Recent studies have discovered that conventional isolation systems may incur excessive isolator displacement in a near-fault earthquake with strong long-period wave components. To overcome this problem without jeopardizing isolation efficiency, a novel semi-active isolation system called a Leverage-type Variable Stiffness Isolation System (LVSIS) is realized in this study. By utilizing a simple leverage mechanism, the isolation stiffness of the LVSIS can be easily controlled by adjusting the position of the pivot point on the leverage arm. For accurate analysis, the dynamic equation based on a mathematical model that considers the actual situation of all friction forces within the LVSIS is derived in the study.

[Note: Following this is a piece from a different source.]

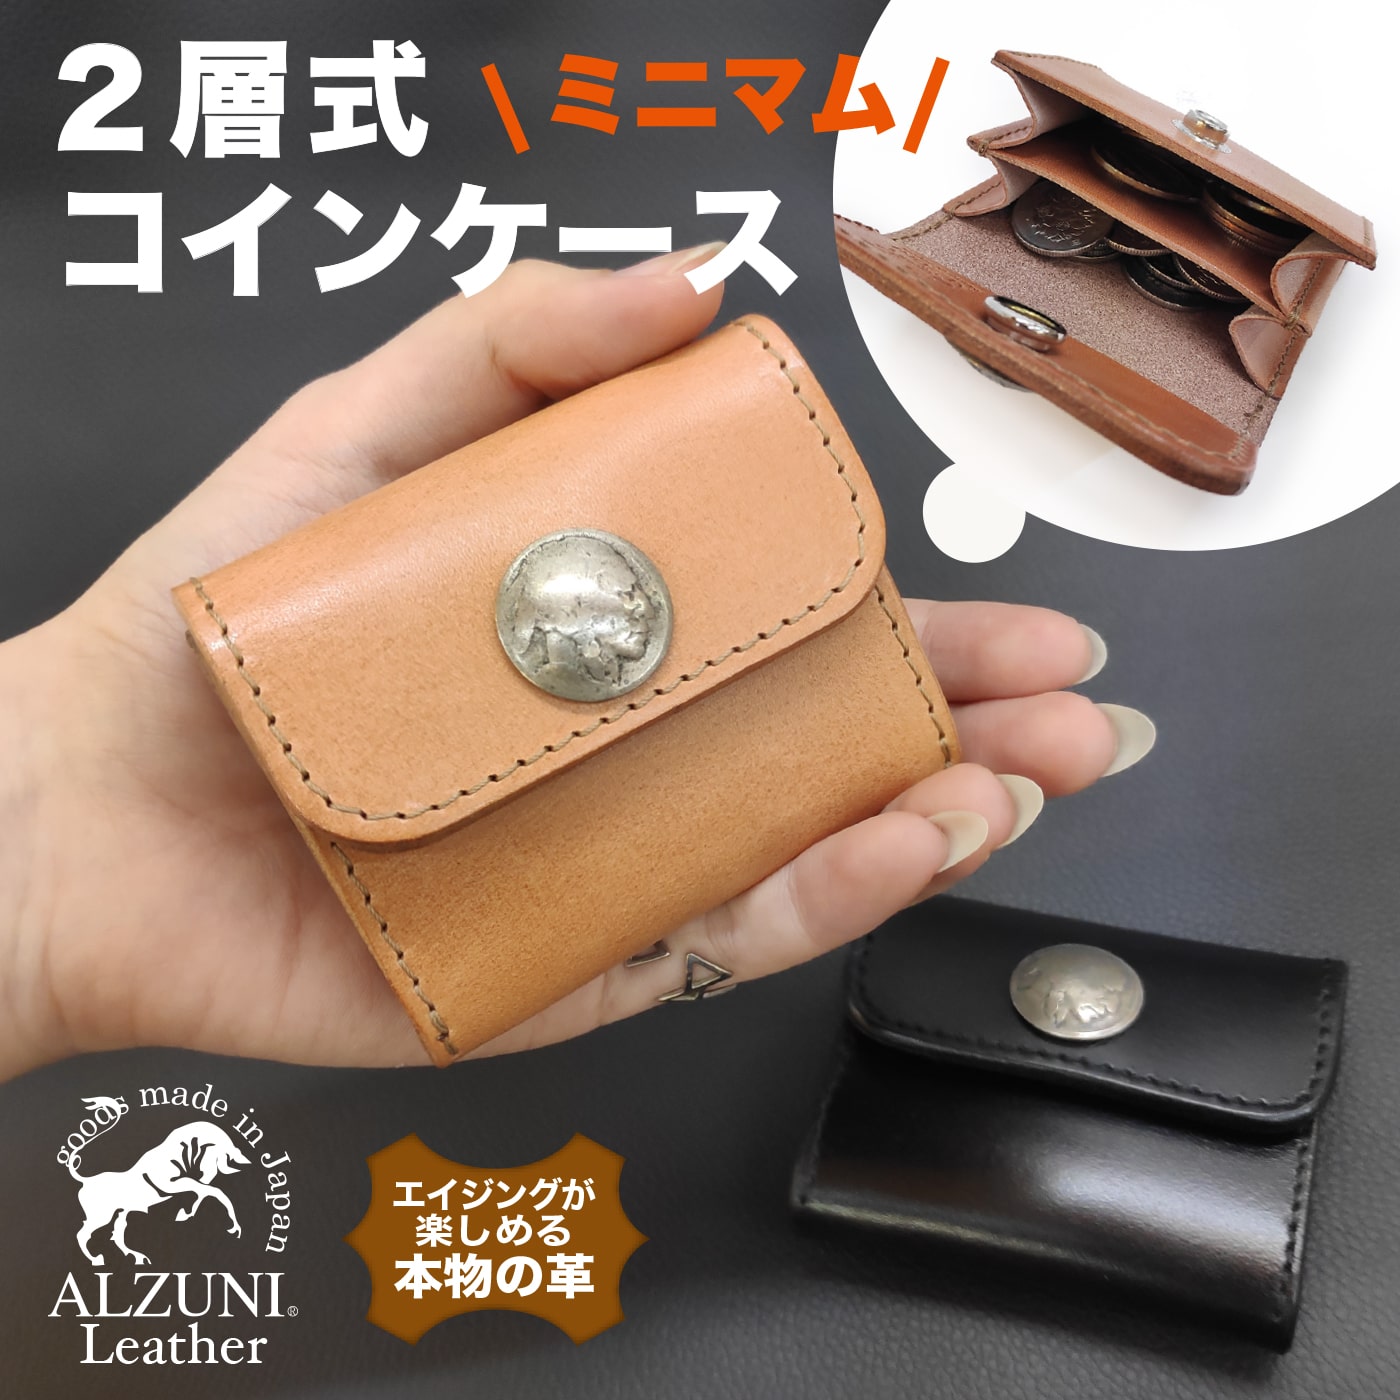 日本製 ALZUNI アルズニ ライターケース
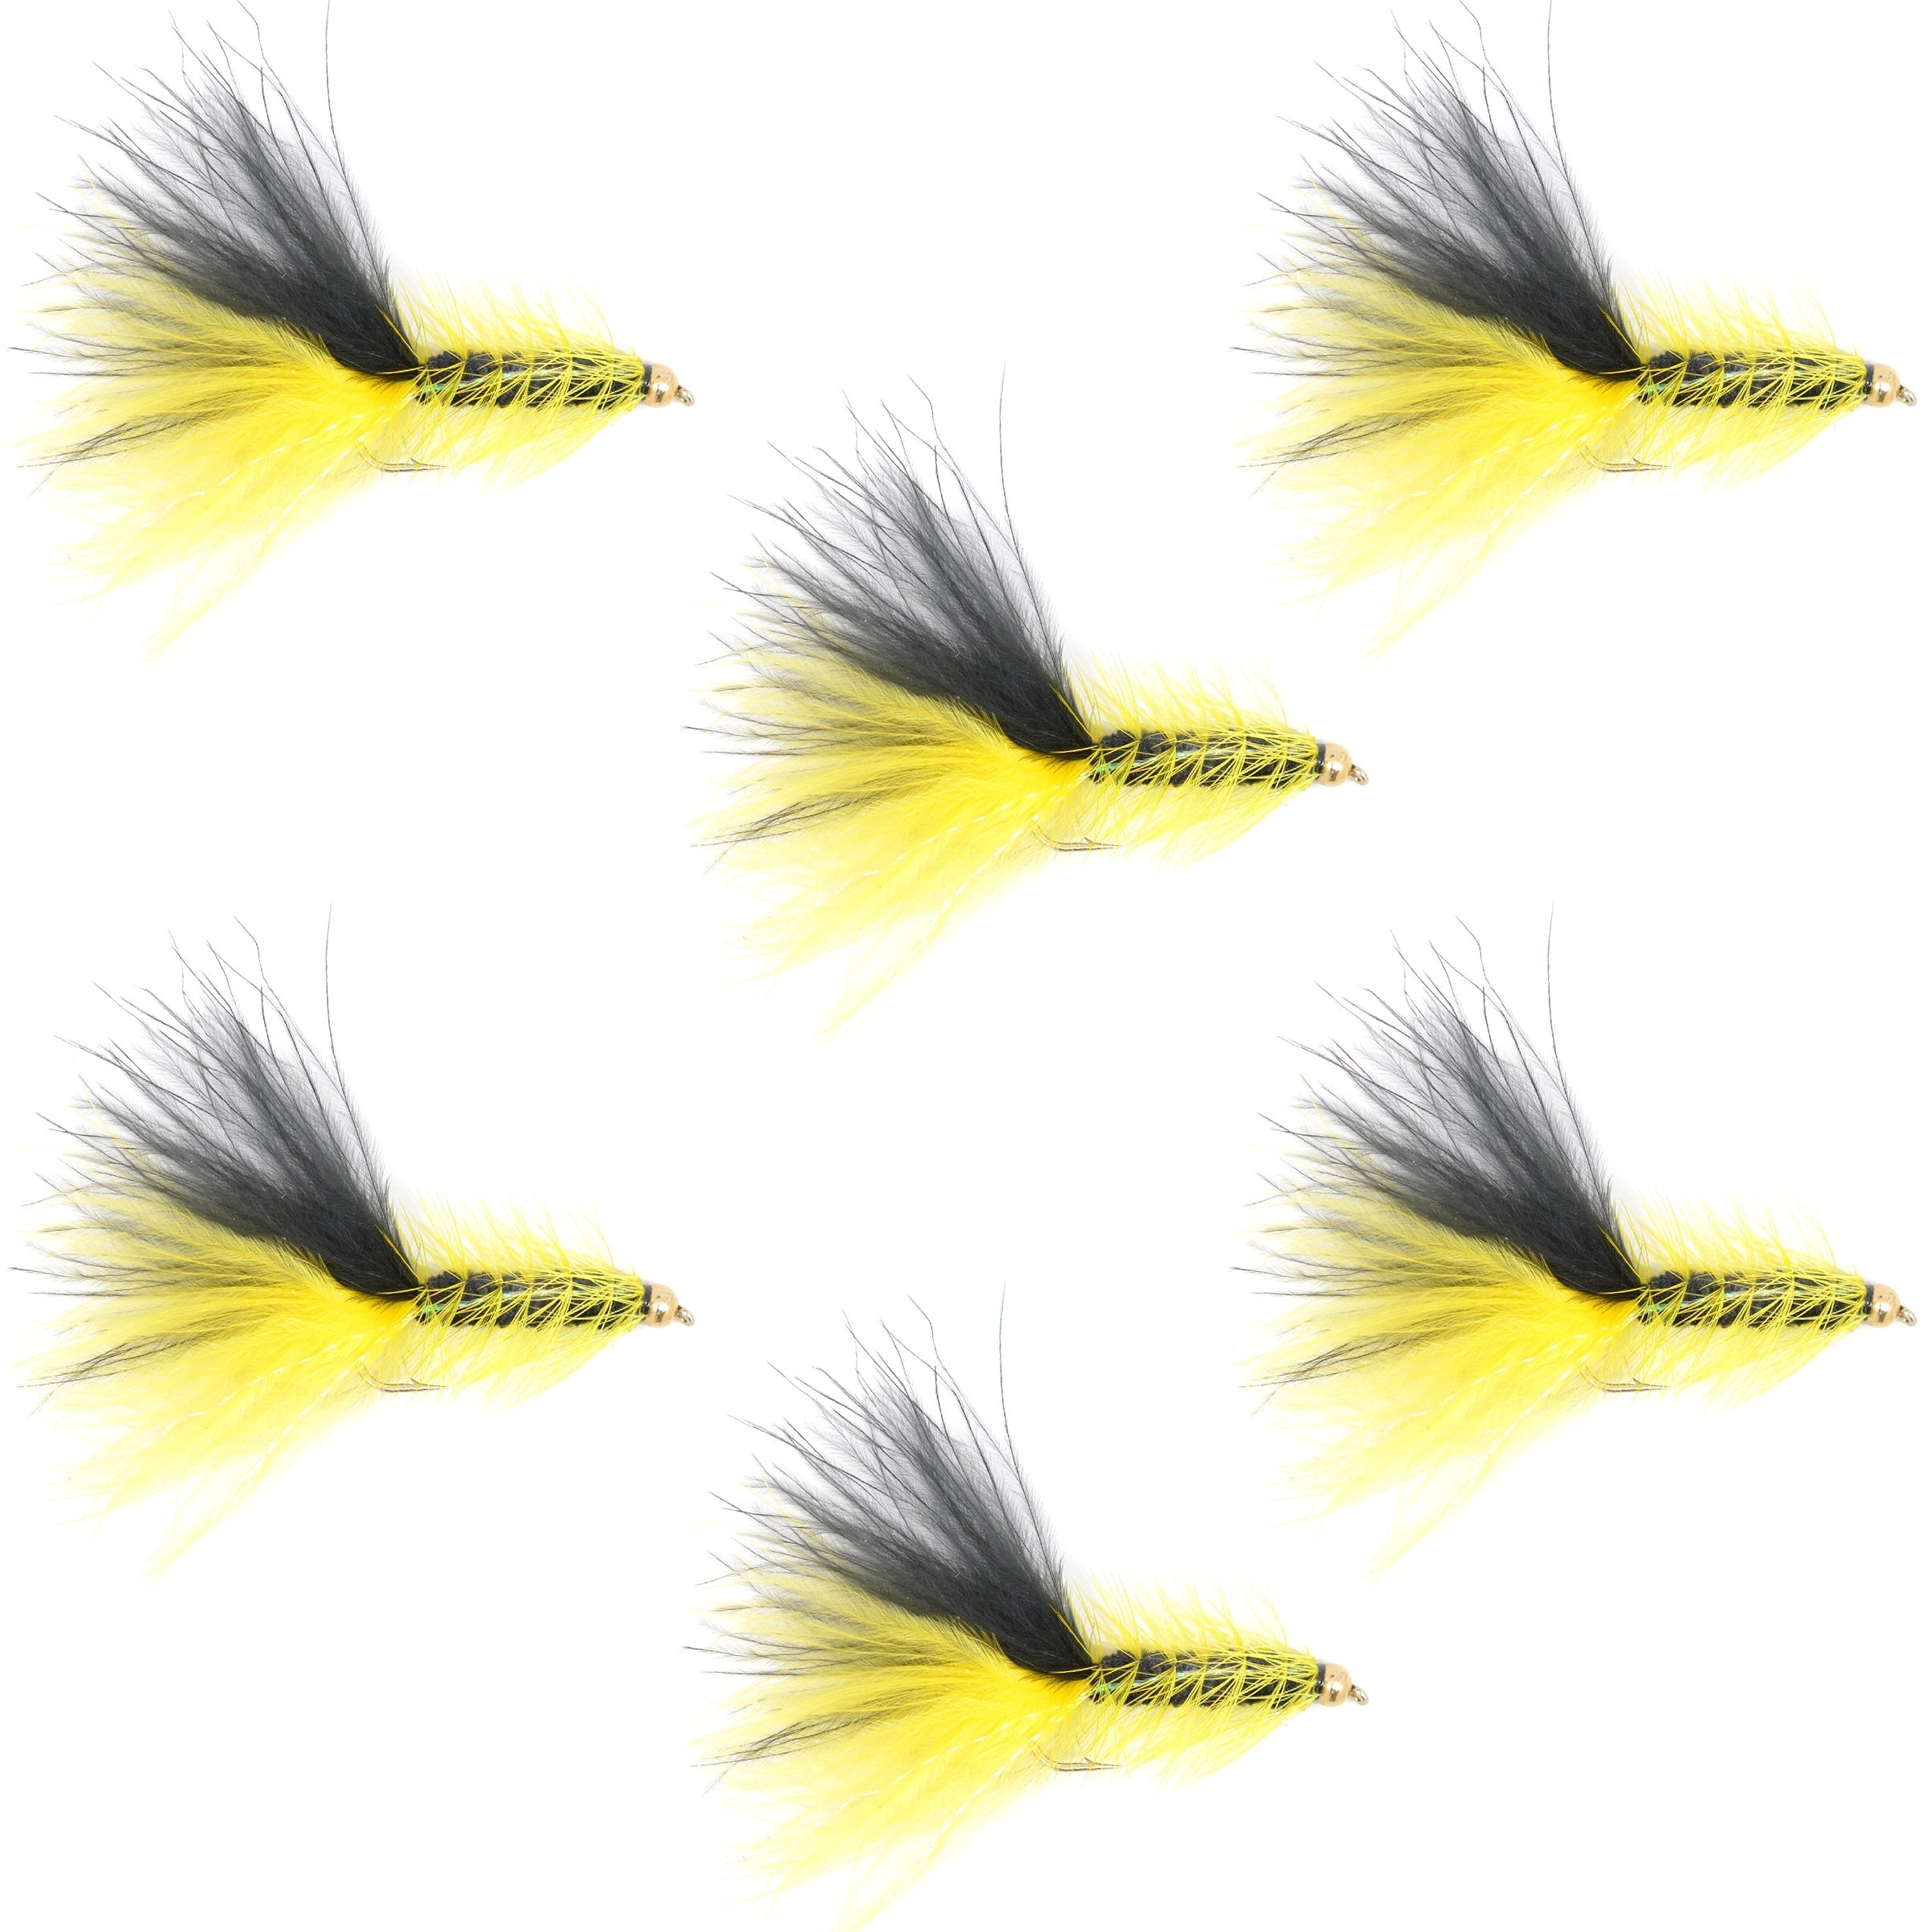 Moscas serpentinas clásicas con cabeza de cuentas de cristal, color amarillo y negro, juego de 6 moscas para pesca con mosca de trucha, tamaño de anzuelo 8

The mathematical model is then verified experimentally by using a prototype LVSIS tested dynamically on a shaking table. Furthermore, to determine the on-line pivot position of the LVSIS, this study also proposes a semi-active control law whose feedback gain is decided by utilizing a linear active control algorithm, such as the LQR or modal control. By comparing the isolation performance of its uncontrolled passive counterpart, the test results also demonstrate that the LVSIS with the proposed control law is especially effective in suppressing the excessive base displacement induced by a near-fault earthquake.